To do this we'll take advantage of [AI Platforms Custom Prediction Routines](https://cloud.google.com/ml-engine/docs/tensorflow/custom-prediction-routines) which allows us to execute custom python code in response to every online prediction request. There are 5 steps to creating a custom prediction routine:

1. Upload Model Artifacts to GCS
2. Implement Predictor interface 
3. Package the prediction code and dependencies
4. Deploy
5. Invoke API

## 1. Upload Model Artifacts to GCS

Here we upload our model weights so that AI Platform can access them.

In [None]:
!gcloud storage cp --recursive $MODEL_PATH/* gs://$BUCKET/taxifare/model/

## 2. Implement Predictor Interface

Interface Spec: https://cloud.google.com/ml-engine/docs/tensorflow/custom-prediction-routines#predictor-class

This tells AI Platform how to load the model artifacts, and is where we specify our custom prediction code.

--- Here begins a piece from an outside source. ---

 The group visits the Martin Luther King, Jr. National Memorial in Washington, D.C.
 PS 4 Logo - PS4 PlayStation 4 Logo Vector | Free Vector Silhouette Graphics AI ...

Note: the correct PROJECT_ID will automatically be inserted using the bash `sed` command in the subsequent cell.

In [None]:
%%writefile predictor.py
import tensorflow as tf
from google.cloud import bigquery

PROJECT_ID = 'will_be_replaced'

class TaxifarePredictor(object):
    def __init__(self, predict_fn):
      self.predict_fn = predict_fn   
    
    def predict(self, instances, **kwargs):
        bq = bigquery.Client(PROJECT_ID)
        query_string = """
        SELECT
          *
        FROM
          `taxifare.traffic_realtime`
        ORDER BY
          time DESC
        LIMIT 1
        """
        trips = bq.query(query_string).to_dataframe()['trips_last_5min'][0]
        instances['trips_last_5min'] = [trips for _ in range(len(list(instances.items())[0][1]))]
        predictions = self.predict_fn(instances)
        return predictions['predictions'].tolist() # convert to list so it is JSON serialiable (requirement)
    

    @classmethod
    def from_path(cls, model_dir):
        predict_fn = tf.contrib.predictor.from_saved_model(model_dir,'predict')
        return cls(predict_fn)

In [None]:
!sed -i -e 's/will_be_replaced/{PROJECT_ID}/g' predictor.py

### Test Predictor Class Works Locally

In [None]:
import predictor

instances = {'dayofweek' : [6,5],
             'hourofday' : [12,11],
             'pickuplon' : [-73.99,-73.99], 
             'pickuplat' : [40.758,40.758],
             'dropofflat' : [40.742,40.758],
             'dropofflon' : [-73.97,-73.97]}

predictor = predictor.TaxifarePredictor.from_path(MODEL_PATH)
predictor.predict(instances)

## 3. Package Predictor Class and Dependencies

We must package the predictor as a tar.gz source distribution package. Instructions for this are specified [here](http://cloud.google.com/ml-engine/docs/custom-prediction-routines#predictor-tarball). The AI Platform runtime comes preinstalled with several packages [listed here](https://cloud.google.com/ml-engine/docs/tensorflow/runtime-version-list). However it does not come with `google-cloud-bigquery` so we list that as a dependency below.

In [None]:
%%writefile setup.py
from setuptools import setup

setup(
    name='taxifare_custom_predict_code',
    version='0.1',
    scripts=['predictor.py'],
    install_requires=[
        'google-cloud-bigquery==1.16.0',
    ])

In [None]:
!python setup.py sdist --formats=gztar

In [None]:
!gcloud storage cp dist/taxifare_custom_predict_code-0.1.tar.gz gs://$BUCKET/taxifare/predict_code/

## 4. Deploy

This is similar to how we deploy standard models to AI Platform, with a few extra command line arguments.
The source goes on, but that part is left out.